A guide to mapping with the help of image segmentation
Posted by blkatbyhh on 26 November 2022 in English. Last updated on 27 November 2022.This guide is a translation of my previous diary written in Chinese. The motivation for developing this method is trying to find a way to map vast areas of forests with minimum human effort.
Methodology
The OpenStreetMap data is based on nodes and vector ways. Manual mapping requires a mapper to put nodes on the satellite pictures and connect nodes by mouse clicking, which is a time-consuming process. This guide proposes a software-assisted workflow to ease the mapping process, it includes the following steps.
- Raster image acquiring and segmentation
- Raster image preparation
- Vectorization
- Mapping to OSM
Raster image acquiring and segmentation
Software used in this step:
- JOSM
- Fiji (Fiji Is Just ImageJ)
Install the JOSM plugin importvec and restart JOSM, Download the map data of the region of interest (ROI), choose a satellite source and download the image.
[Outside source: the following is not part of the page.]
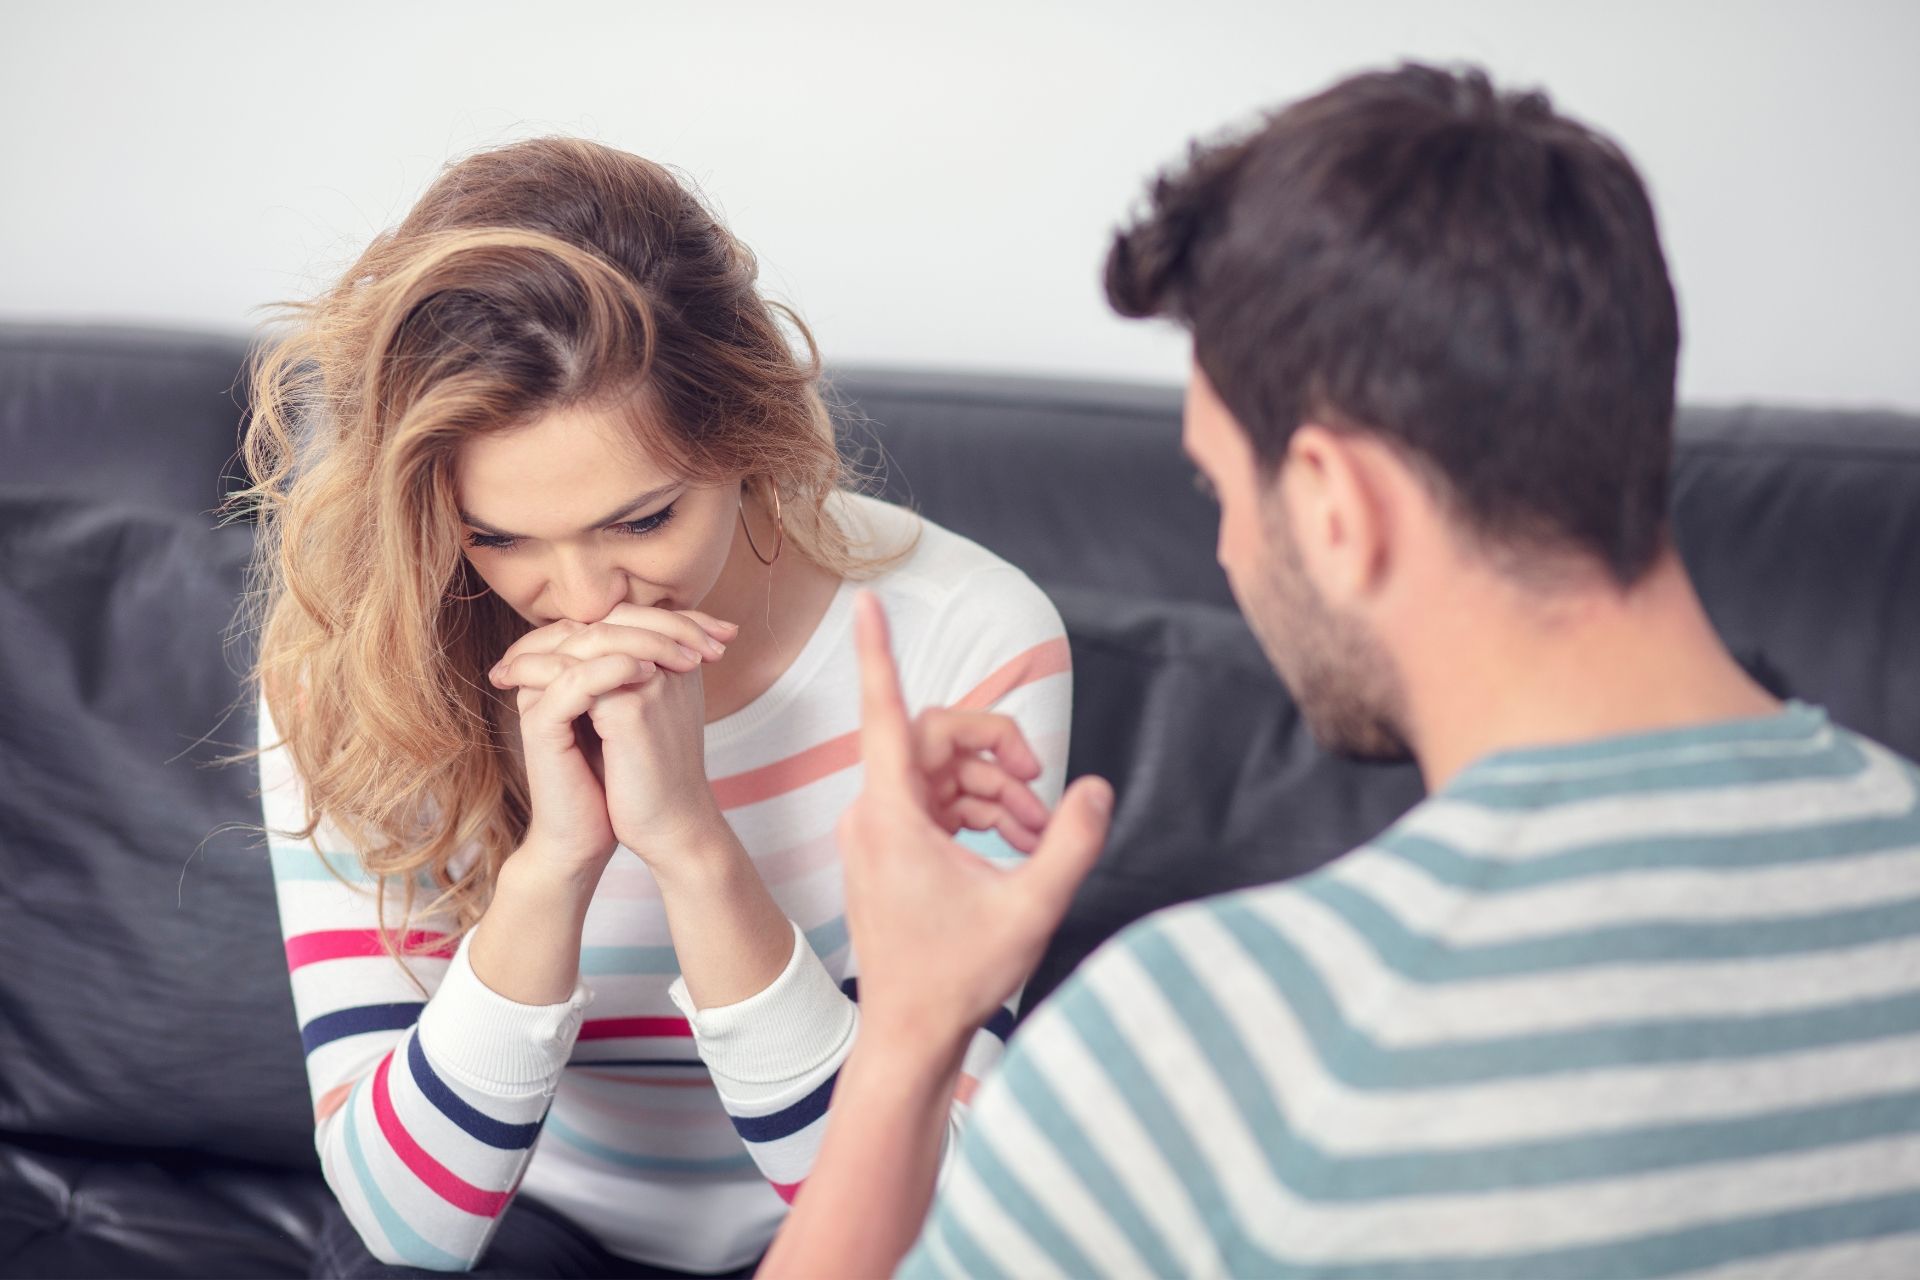 24 guidelines for resolving conflicts in marriage

Hide the data layer and take a snapshot of the satellite image on (ROI). Save the snapshot as JPG or PNG file.
Open the snapshot image in Fiji. Turn to the menu: Plugins, Segmentation, Trainable Weka Segmentation. A new Weka window will pop up containing the image. On the right side of the window, there are two preset classes 1 and 2 representing features to be recognized in the image. Create more if needed with create new class button on the left side, and in settings button, you can rename the preset class 1 and 2 to meaningful names to avoid mistakes made by yourself.
Now you can use your mouse left click and hold to draw a curve on the image and click “add to class” button to tag the feature and repeat to create several items. Double-click an item to remove it if you tag it wrong. You don’t have to precisely draw along the edge of the feature, just draw a random curve inside it. When you have collected several items, you can click train classifier in the top-left corner to, well, train the classifier.
When training is finished, the image will be covered with different colors, each representing a feature. You can click toggle overlay to check if the classifier works well to identify the image features. At this step, you can refine the classifier by tagging the wrongly recognized area and train the classifier again until the result satisfy you. You don’t have to push the classifier to perfect because a precise vector requires unlimited control points but JOSM limits 2000 nodes to a way vector, there will be a simplification process to reduce the number of nodes. Now you can click create result and have a colored image.
Raster image preparation
Software used in this step:
- Fiji (Fiji Is Just ImageJ)
Now you have a classified (not that kind of classified :D) result image, each pixel of the image has a value of 0, 1, or 2, etc. representing its tag. The next step is to pick the area you want to map and remove the others. Go to the menu Image, Adjust, Threshold, in the popped-up dialog window, there are two slide bars, use them to pinpoint the target value, say 0 representing the forest. Click Apply and you will see your colored result image turn to a black-and-white image, and only the forest area is left.
This image usually contains a lot of tiny dots you may want to remove. you can use Process, Binary, Erode several times to remove them and then apply Process, Binary, Dilate several times to recover the edge lost of the survived area. Don’t over-use this as it will turn curves zig-zagged. Make peace with the errors introduced in this process as we are trying our best to minimize human efforts.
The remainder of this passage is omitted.